The reason for the soldiers is that encounter in Indian
(South Asian) has a different meaning. It is about a planned (seemed to look
like a chance) encounter between the military and those that they want to get
rid of (arrest and summarily kill) so as to take away their land and livelihood
so that large companies can then exploit those resources. Because this, unfortunately, may
sound familiar to many, Encounter is dedicated to all indigenous people
around the world who suffer that fate.
The show is really that of the two principals Aparna
Sindhoor and the remarkably agile dancer and choreographer Anil Natyaveda. The play was written by S M Raju and Aparna Sindhoor and based on a short story by Mahasweta Devi.
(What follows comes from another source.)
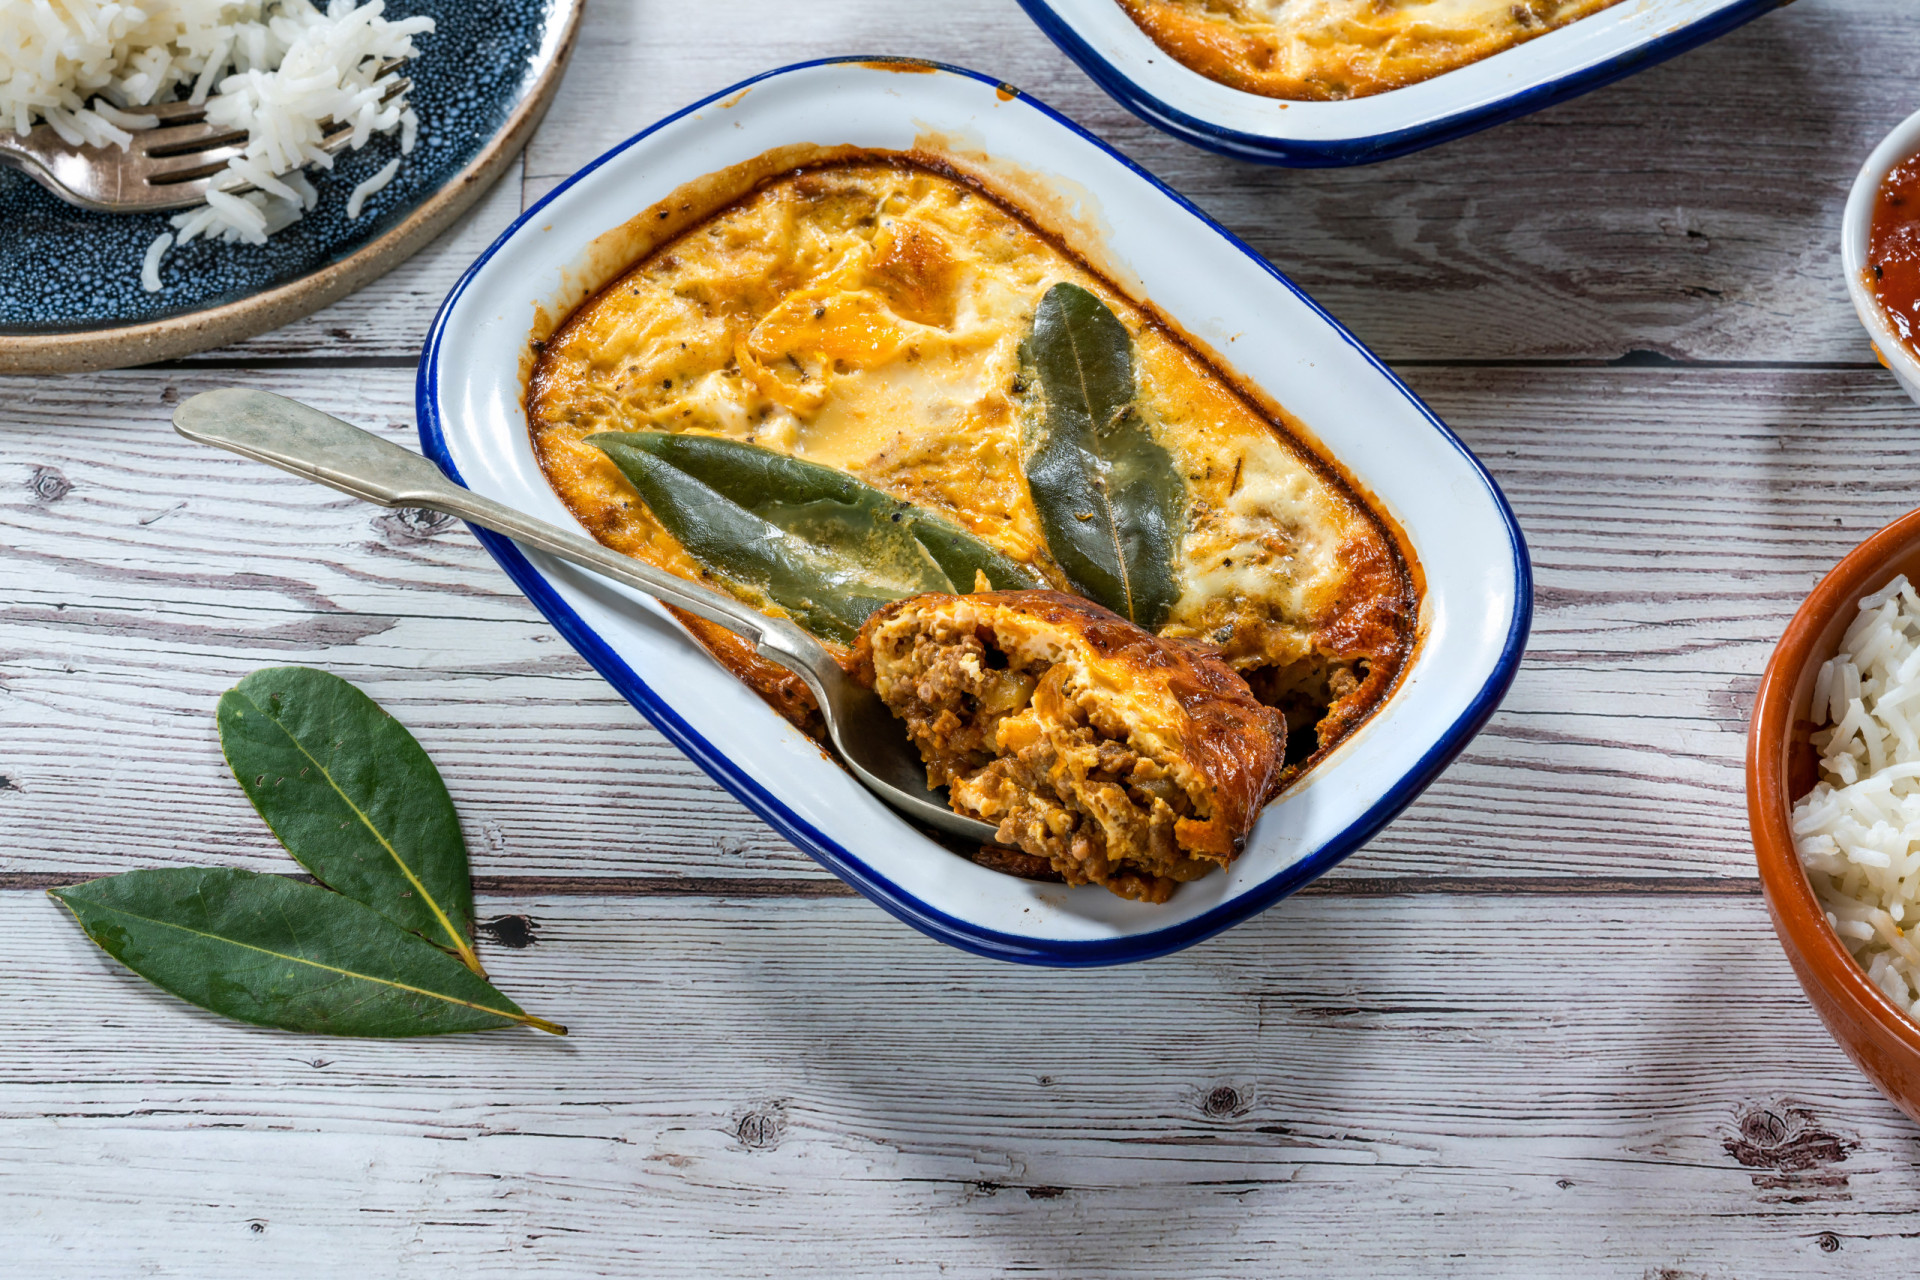 <p>Bobotie is a South African dish made from spiced minced meat, topped with a creamy egg-based layer, and often served with rice or chutney.</p><p>You may also like:<a href="https://www.starsinsider.com/n/451404?utm_source=msn.com&utm_medium=display&utm_campaign=referral_description&utm_content=707039en-us"> The best (and worst) celebrity Halloween costumes</a></p>

A lot of the action happens on and around a tall pole on
stage left that was described by Aparna Sindhoor as the centre of all activities
(including spiritual ones) of the village featured in Encounter.
At one point Anil Natyaveda starts on the top of that
pole. Only someone of my age (75) will remember those Ripley’s Believe It or
Not rectangles in newspaper comics of the past century. There were quite a few
(besides those of sleeping on beds of nails) that featured Yogis who if we were
to believe it had never come down from that pole!
And so a play that was full of exotic wonder, action and
violence which included an extraordinarily choreographed rape scene by four black hooded men
with Aparna Sindhoor being the victim, was enough to dampen the evening with
thought and a purpose to action. Not all plays have to have a happy ending. This
one has a wallop of an ending. Some of us were too shocked to clap.
Encounter is on at 8PM until and including Sunday.